Gros sel

Léon-Paul Fargue

Fata Morgana, 19,00 €

Nous vivons dans un mode en proie à la sinistrose. Et rien ne va.
Notre quotidien, notre présent semble désenchanté.
On désespère, on ne fait rien, on ne pense même plus à lutter.
Et pourtant le présent qu'il soit radieux ou sombre doit nous interpeller et devenir une réserve inépuisable de questionnements, de colères, de bonheurs...Il s'agit d'avoir la volonté d'"héroïser" le présent comme l'écrivait Foucault.

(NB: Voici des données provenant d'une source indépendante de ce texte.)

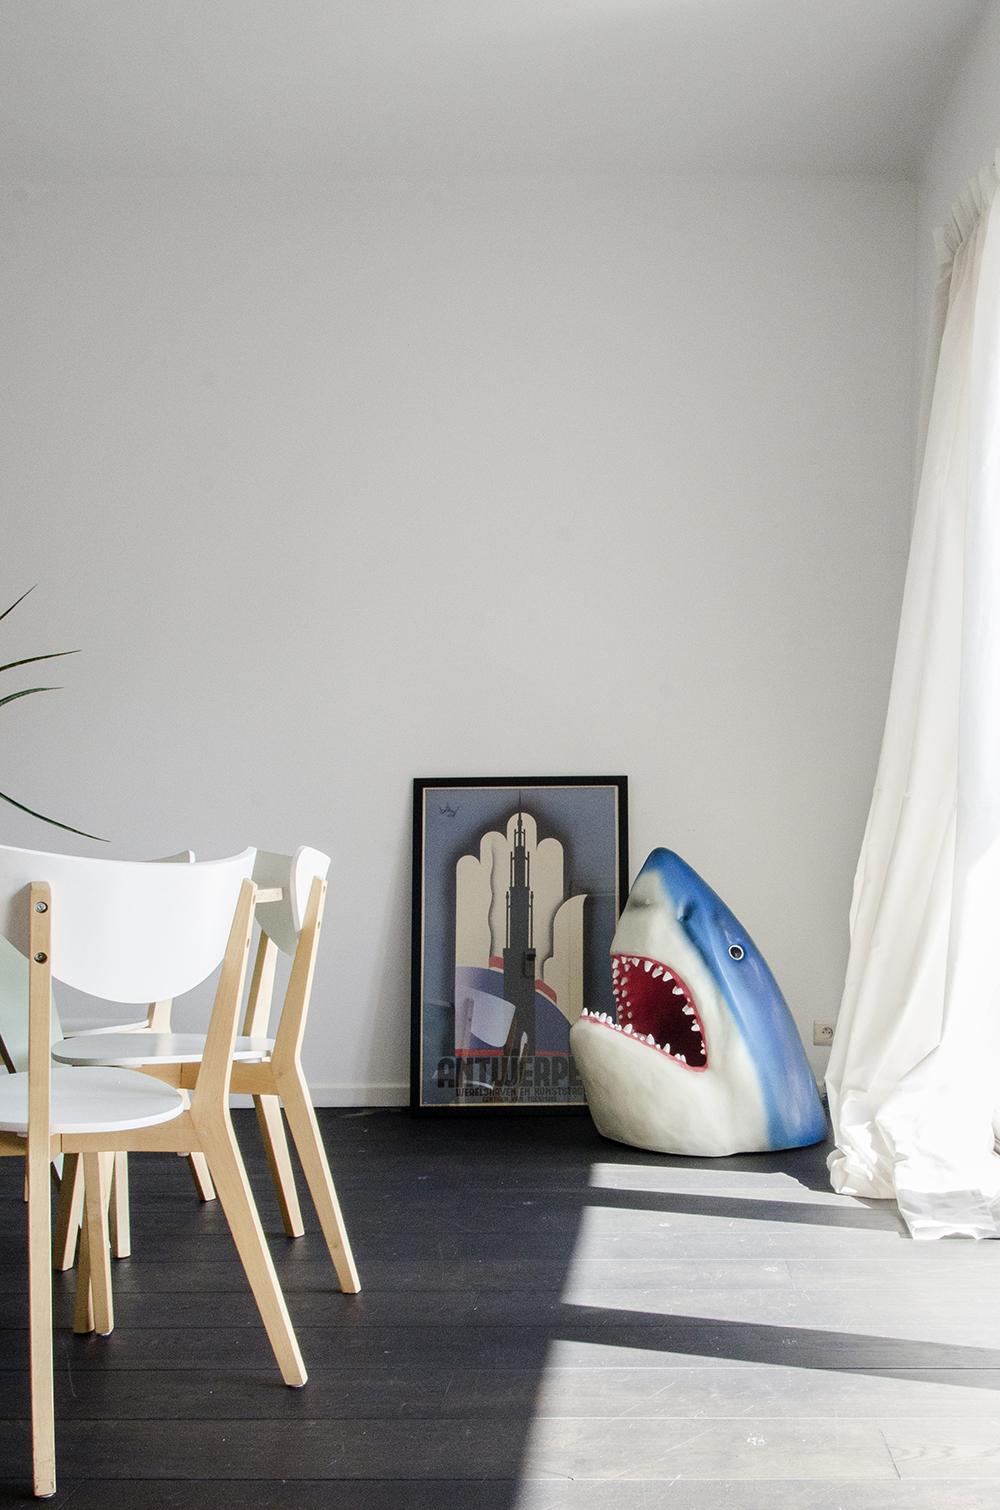 Katrin & Maarten's Dinosaur and Shark Sanctuary // Home tour of a quirky, bright loft in Antwerp Belgium
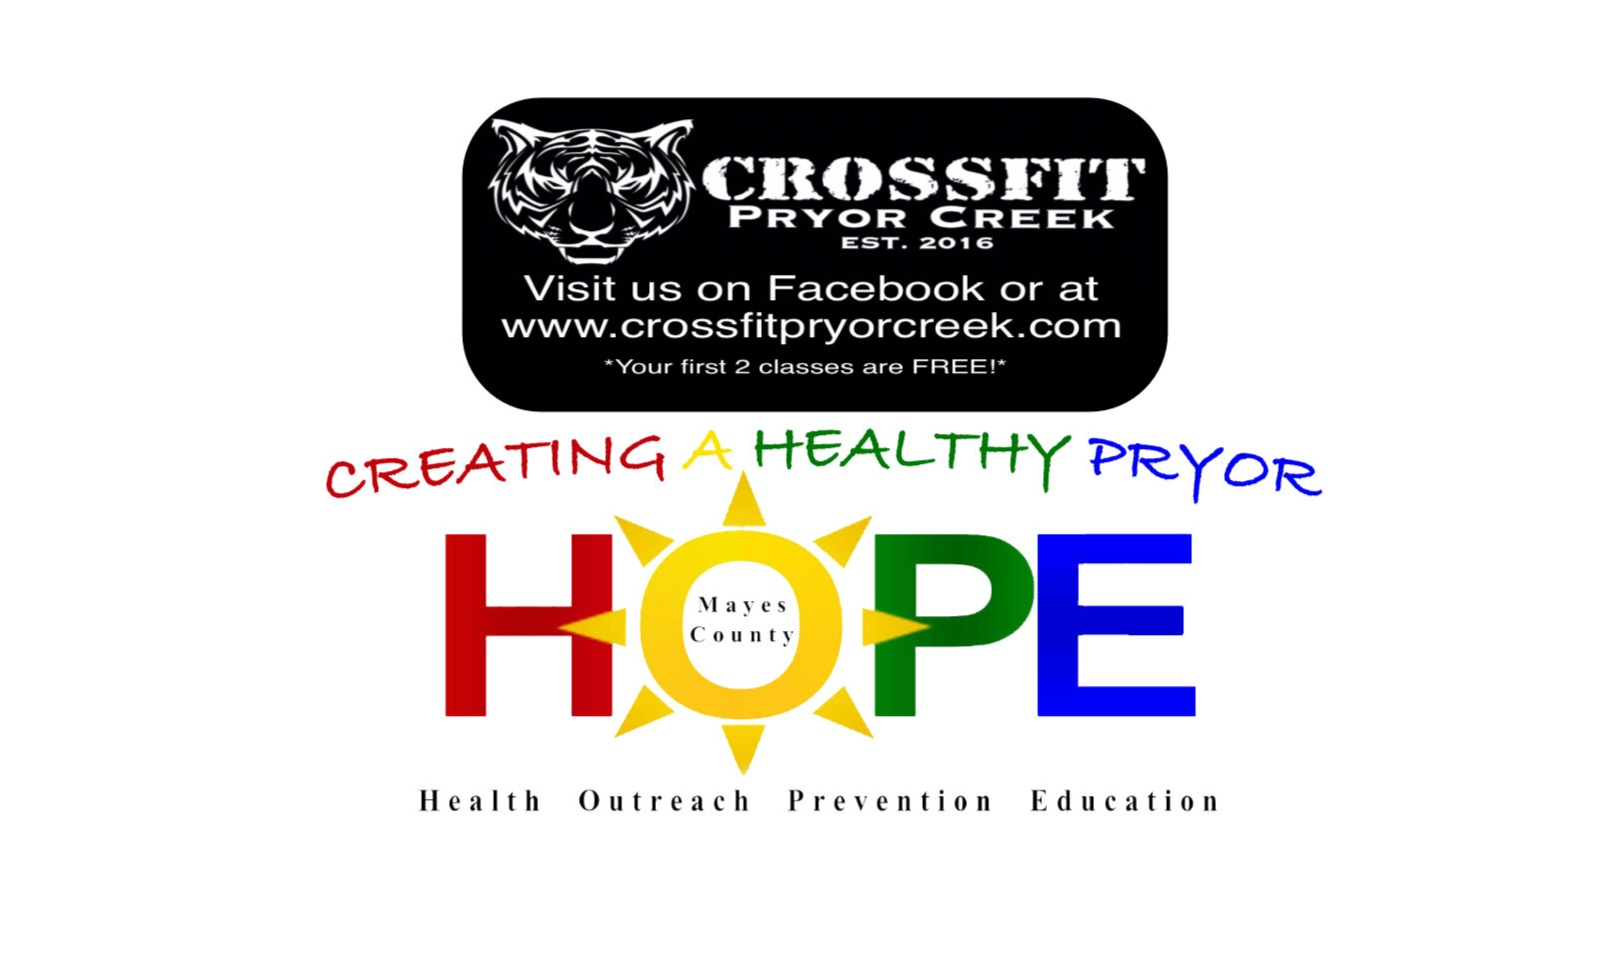 CREATING+A+HEALTHY+PRYOR+SERIES+GRAPHIC+rev+3.jpg

Cette pensée préliminaire pour vous parler des textes de Léon-Paul Fargue regroupés pour la première fois dans Gros sel et pointes de feu par les Editions fata Morgana.
Léon-Paul Fargue, que l'on connaît surtout pour ses déambulations dans Paris, pour sa douce nostalgie, nous apparaît ici comme l'écrivain qui secoue la vie routinière de ses contemporains et qui réussit à "héroïser" leur présent pour en révéler les avants-garde.

La lecture de Gros sel et pointes de feu est déclarée d'utilité public par la librairie Quai des brumes !!

"Encore un coup, il y a trop de tout. Il faut secouer le prunier. Il faut une révolution des centres nerveux. Qu'on nettoie le temple où nous avons admis trop de gentils garçons qui sont uniquement intentionnés, parfois très bien. Organisons un concours, mettons des sentinelles chez les libraires et devant les fronts. Qu'il ne soit plus permis d'écrire n'importe quoi, d'écrire à bout portant les mémoires ou les relations de sa sœur avec le fakir du coin." (Il y a trop de tout).

Ou encore :

"On pourrait trouver de nombreuses pages de prose, et honorablement signées, à la gloire des théories de l'occupant, voire des livres de flatterie, mais pas un seul poème. En revanche, on peut puiser les yeux fermés dans les œuvres poétiques de la résistance. Ce ne sont pas dix vers, mais cent qui pourraient être imprimés sur des drapeaux. La poésie ne connaît point de lâches."

Ou encore :

"Aujourd'hui les tempes des hommes retentissent d'appréhension. Jamais encore le monde n'avait gonflé ses joues au point rouge de crever comme il le fait à cette heure. Et, que nous le voulions ou non, notre âme pressent la colère des démons qu'elle invente. Nous avons abordé carrément le tragique vrai : celui du bouleversement secret. Je vois souvent, dans quelque café, des buveurs de l'espèce la plus douce trouver le goût de la fin du monde dans leur vermouth. Il y a du macabre dans les prunelles, et le spectacle le plus gai, soleil, amours, ivresses, coups de cerveau, contient des fleurs de doute et des cloches de mort."